[Source records]
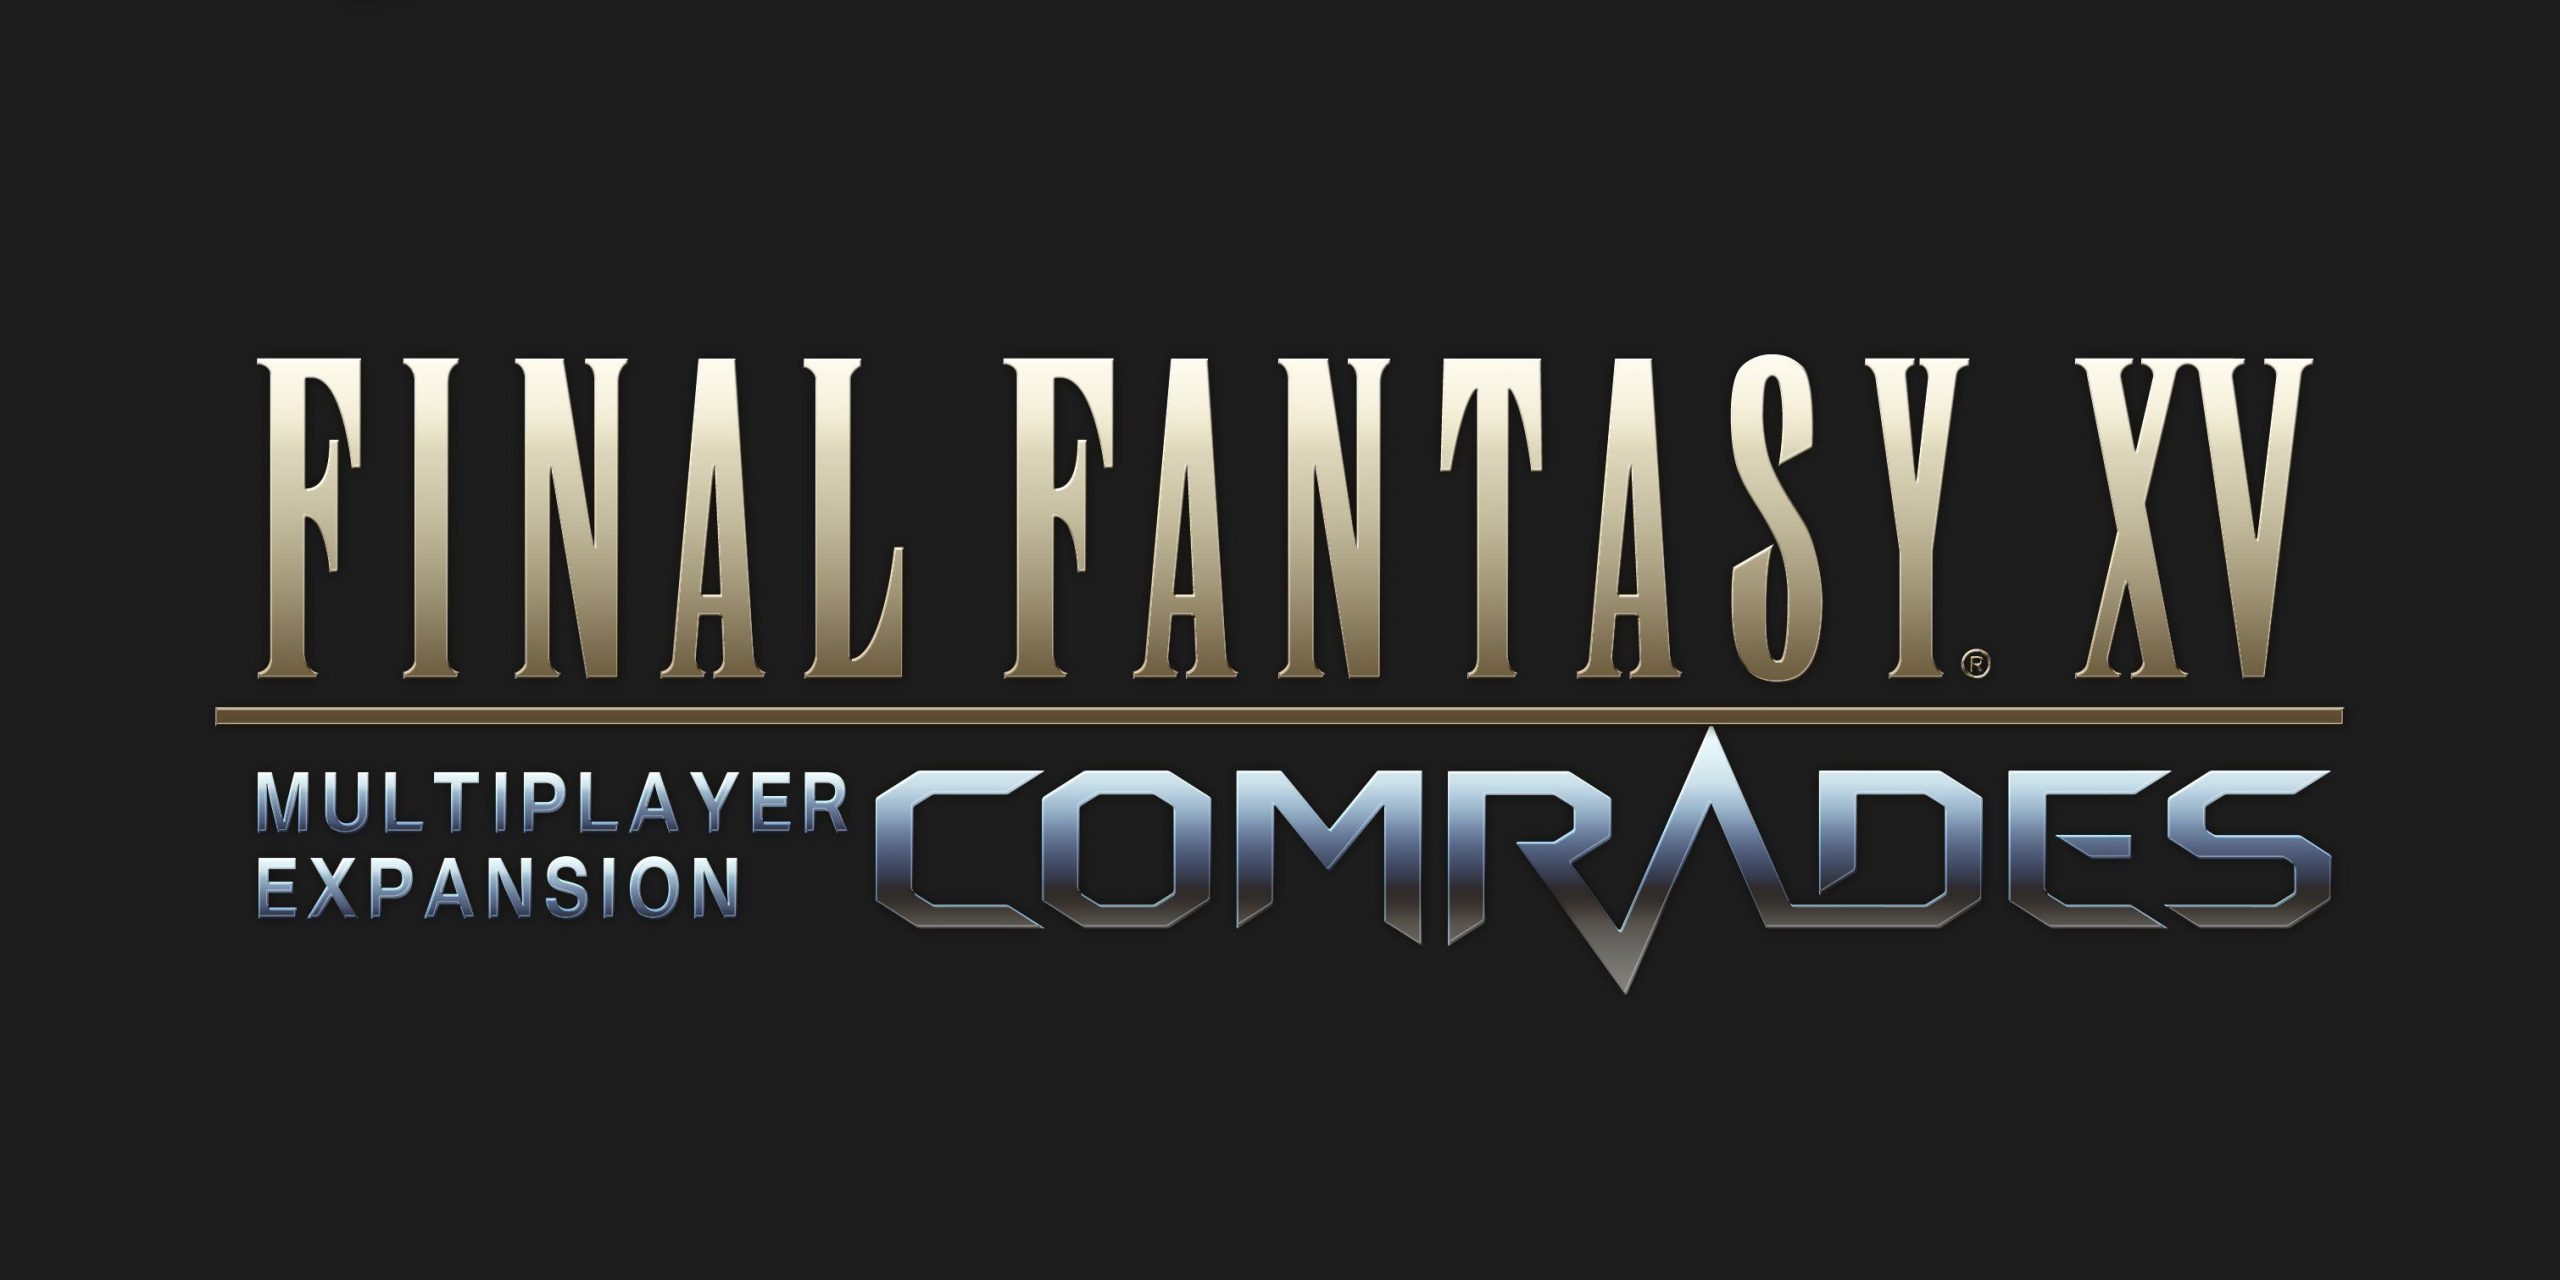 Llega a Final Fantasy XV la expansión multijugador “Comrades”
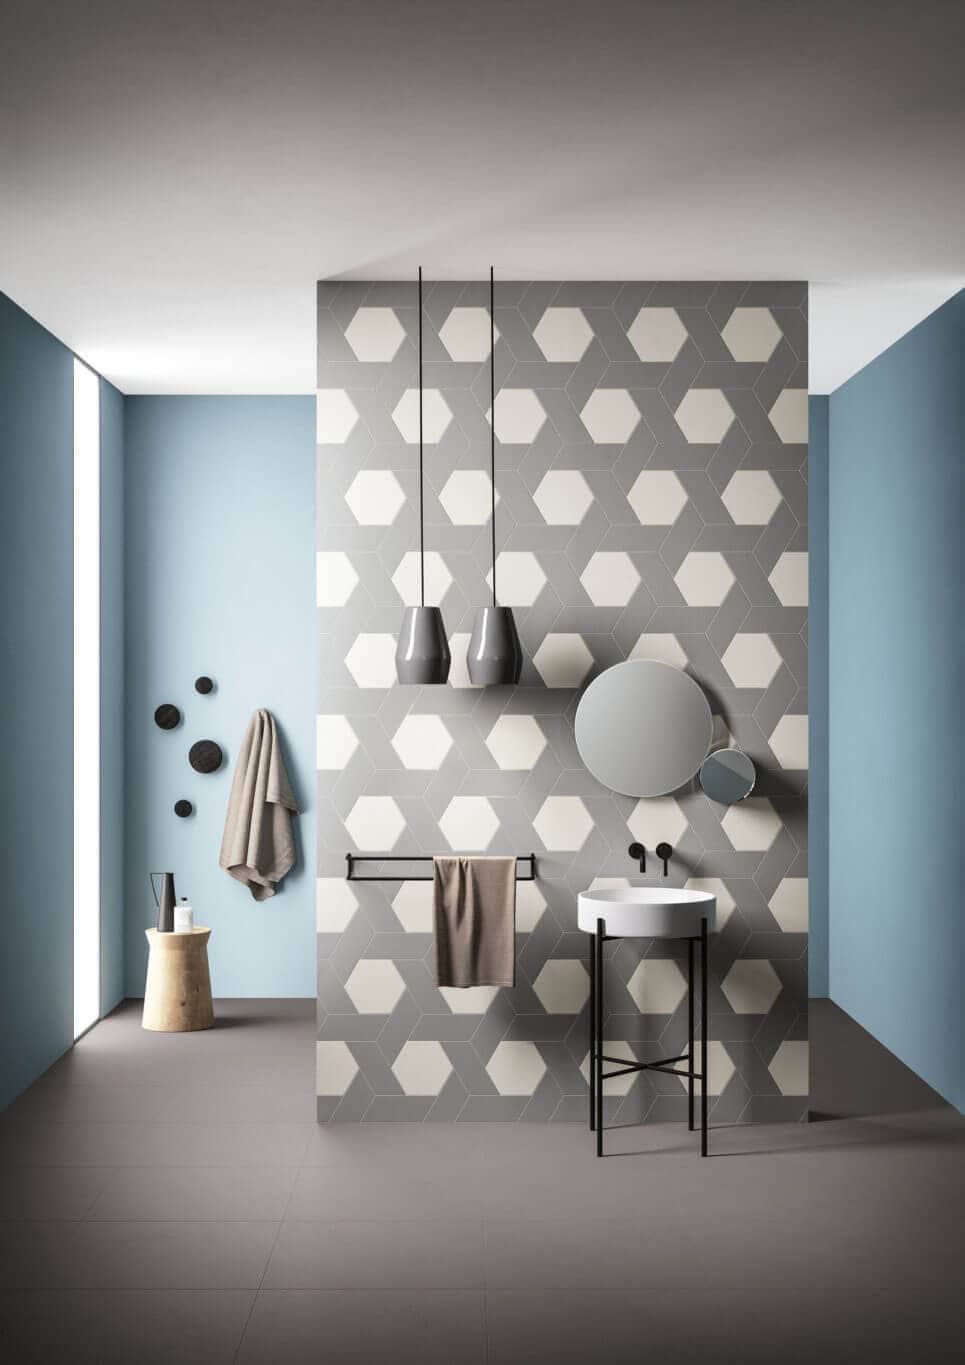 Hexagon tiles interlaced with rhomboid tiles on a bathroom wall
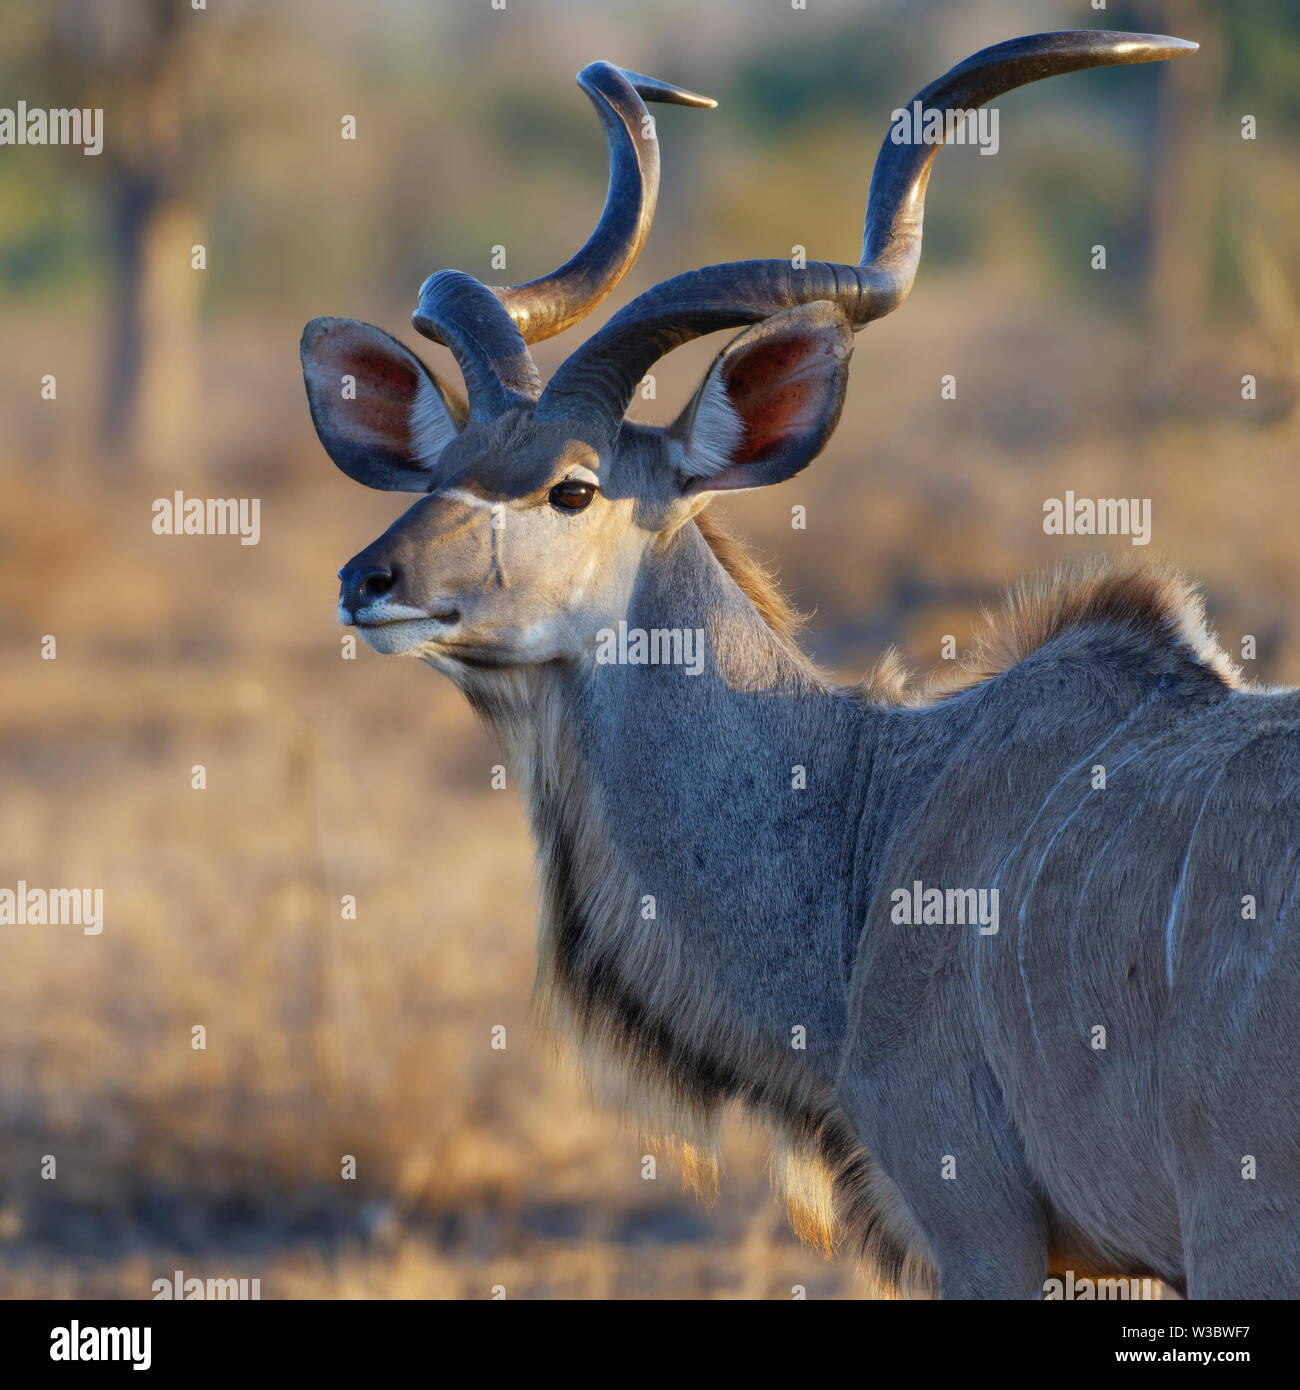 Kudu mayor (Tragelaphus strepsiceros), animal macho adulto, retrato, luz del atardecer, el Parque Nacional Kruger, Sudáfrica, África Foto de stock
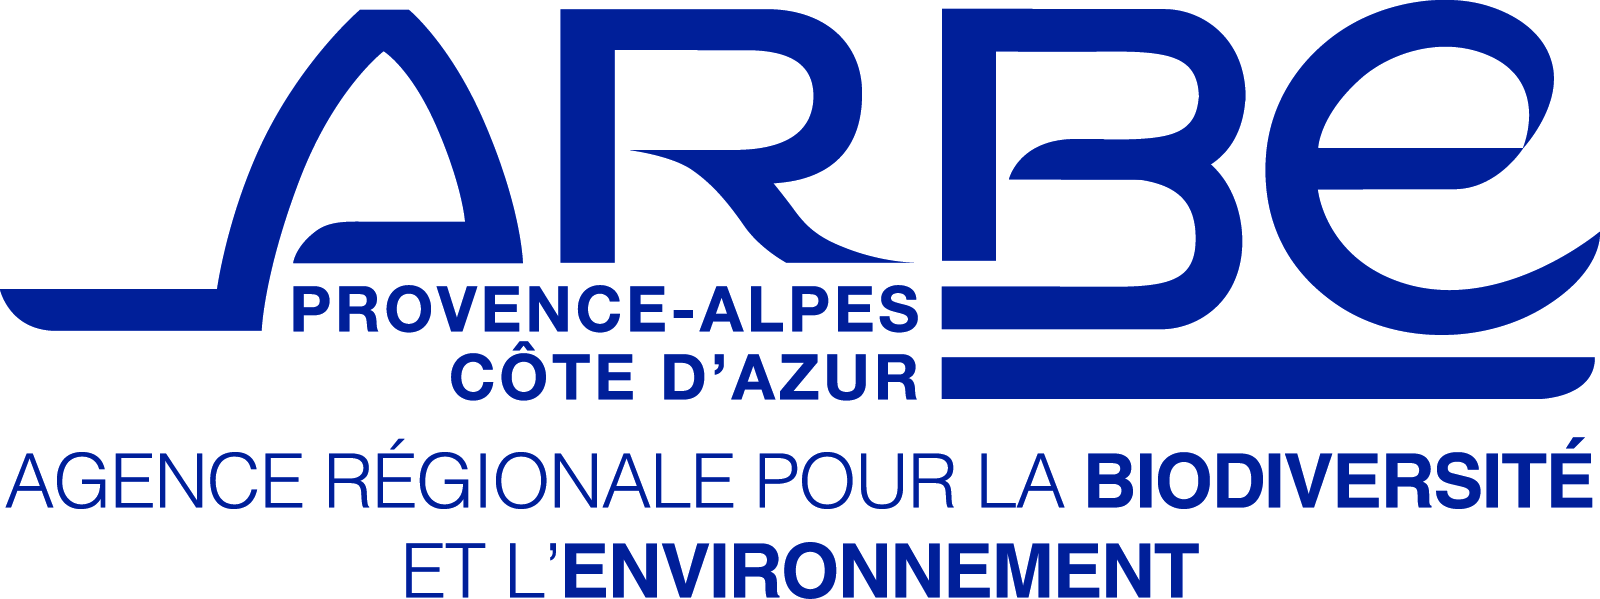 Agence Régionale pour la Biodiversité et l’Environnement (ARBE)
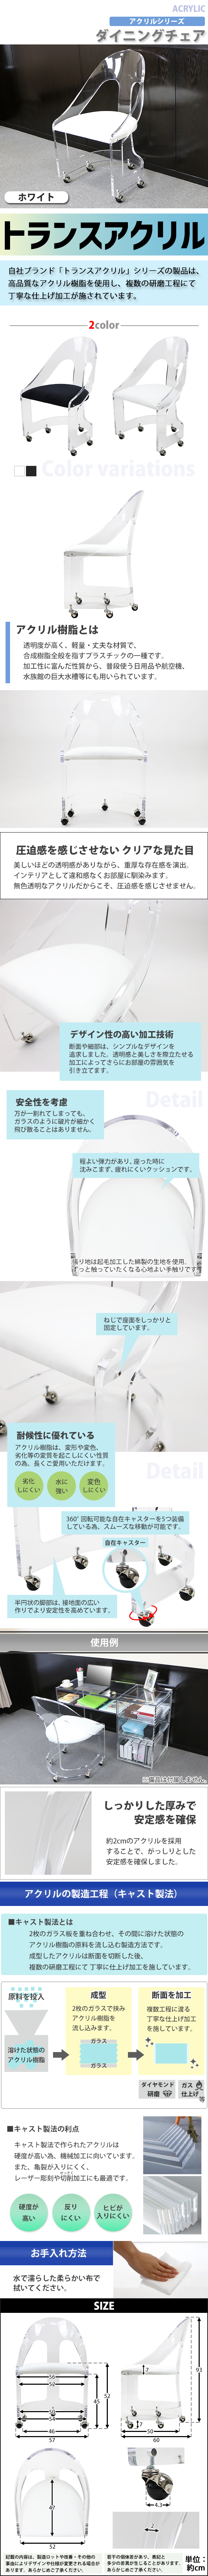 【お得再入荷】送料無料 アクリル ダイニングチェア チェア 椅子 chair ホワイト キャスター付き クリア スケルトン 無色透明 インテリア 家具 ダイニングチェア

_WORK INSTRUCTION_: Set down exactly the lines between the line containing "Hexagon tiles interlaced" and the end of the records above, both ends included; pictures stay out.

_YOUR SOLUTION_:
 Hexagon tiles interlaced with rhomboid tiles on a bathroom wall
 Kudu mayor (Tragelaphus strepsiceros), animal macho adulto, retrato, luz del atardecer, el Parque Nacional Kruger, Sudáfrica, África Foto de stock
 Agence Régionale pour la Biodiversité et l’Environnement (ARBE)
 【お得再入荷】送料無料 アクリル ダイニングチェア チェア 椅子 chair ホワイト キャスター付き クリア スケルトン 無色透明 インテリア 家具 ダイニングチェア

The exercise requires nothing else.